Seems like the fun hobbies are the expensive ones! :blink:


----------



## tonyvdb (Sep 5, 2007)

Just dont spend alot of money on expensive HDMI cables. its a known fact that there is no difference in the quality of the cable.


----------



## Bob in St. Louis (Oct 21, 2006)

Exactly.
Specifically, the "big name found in the chain stores" (not to name names.....).

GE and Philips each sell a steel braided, clear plastic coated (it looks "audiophile") HDMI cord for a VERY reasonable price. I've got each and am very happy with them. I've also got a 25' cable I bought from Oppo many years ago that was an insane $30 that I love. It's a big fat thick cable that runs to my projector.


----------



## tonyvdb (Sep 5, 2007)

Monoprice is another great place to get them dirt cheep


----------



## Peter Loeser (Aug 11, 2012)

tonyvdb said:


> Monoprice is another great place to get them dirt cheep


I've had good results with HDMI cables (among lots of other things) from Monoprice.


----------



## Peter Loeser (Aug 11, 2012)

Just a quick follow-up to my issue. I only experience the "banding" effect on certain still images. I remember this happening with my HTPC (i.e. desktop wallpaper, etc.). It also happens on some of the menus on my OPPO Blu-ray player, but I'm not able to get it to occur during video playback (including DVD and Blu-ray).

Like I said, it never bothered me enough to pay close attention to it. It seems like a matter of still image resolution or software rendering of said images in some cases. Of interest, the OPPO lets me view photos stored on my network, and I did not notice the banding effect on any of those.


----------



## Bob in St. Louis (Oct 21, 2006)

Gotcha. Yea, if it's not bothering you, then you're in good shape.
Like you said, it can be seen in still images, but where I see it the most is in a scene where there's a sunrise, like a time lapse, and you can watch the banding "bloom" on the screen.


----------



## Peter Loeser (Aug 11, 2012)

Bob in St. Louis said:


> but where I see it the most is in a scene where there's a sunrise, like a time lapse, and you can watch the banding "bloom" on the screen.

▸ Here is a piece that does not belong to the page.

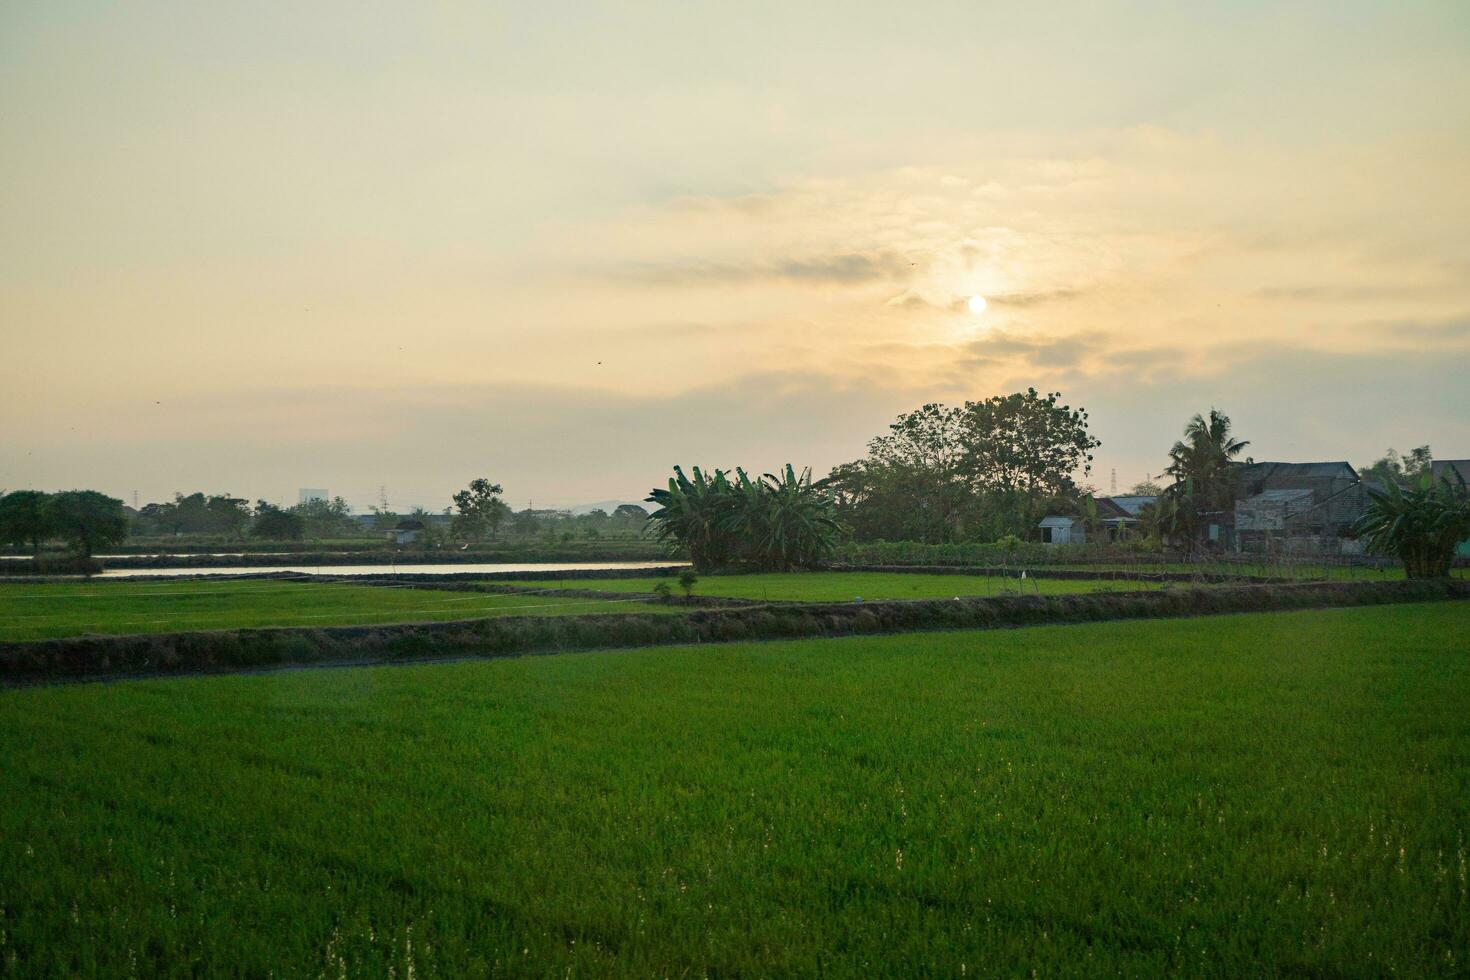 rijst- veld- met zonsondergang lucht achtergrond. foto

Yes that's exactly what I was imagining too - and tried playing back those types of scenes the other night but did not notice and banding effects. I think this may have been something I noticed while running an HTPC in my setup, but never messed around with. It appears to be limited to static backgrounds on the UI menus in the case of my OPPO Blu-ray player.


----------



## Bob in St. Louis (Oct 21, 2006)

I tried to contact H/K tech support asking them if a firmware update would have the ability to change HDMI versions to a more recent ("higher") version. 
It's been a few days, and despite their advertised one day response time, it appears I'm not going to get one.

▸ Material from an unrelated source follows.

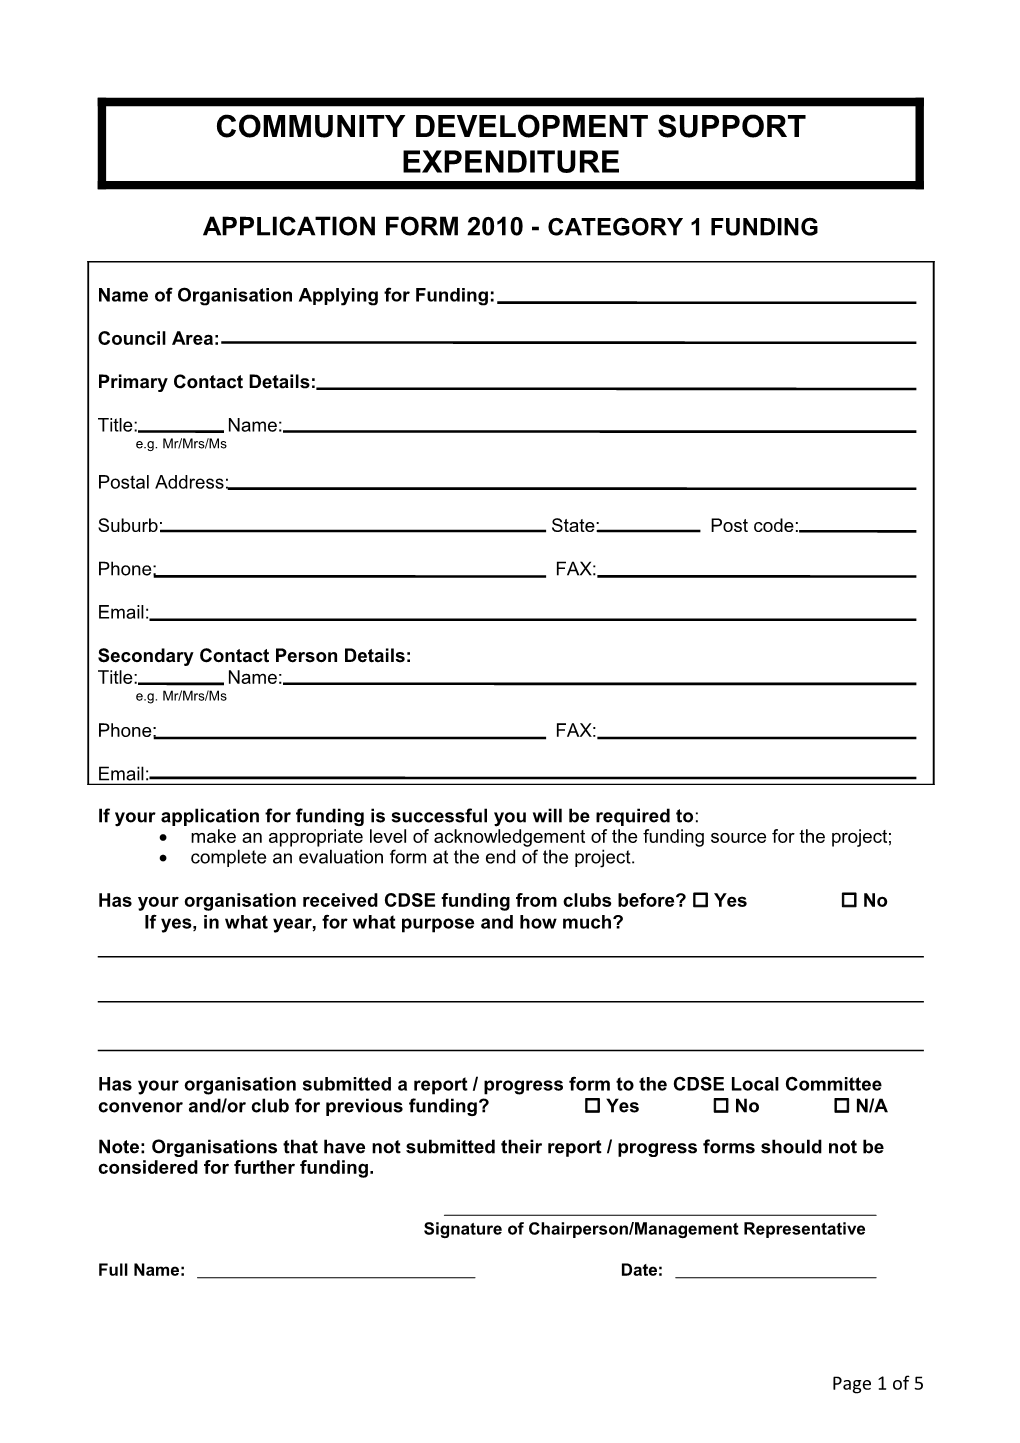 CDSE 2010 - Application Form

Anybody know if it's possible?

Bob


----------



## Peter Loeser (Aug 11, 2012)

I could be wrong, but I think some of the added features for HDMI 1.4 require hardware updates.


----------



## lcaillo (May 2, 2006)

Banding is almost always a lack of bit depth in the source, but can be a problem in displays or processors. It occurs because there is insufficient resolution of brightness and you get steps instead of a smooth ramp of brightness. It can also be introduced in scaling and compression processes.


----------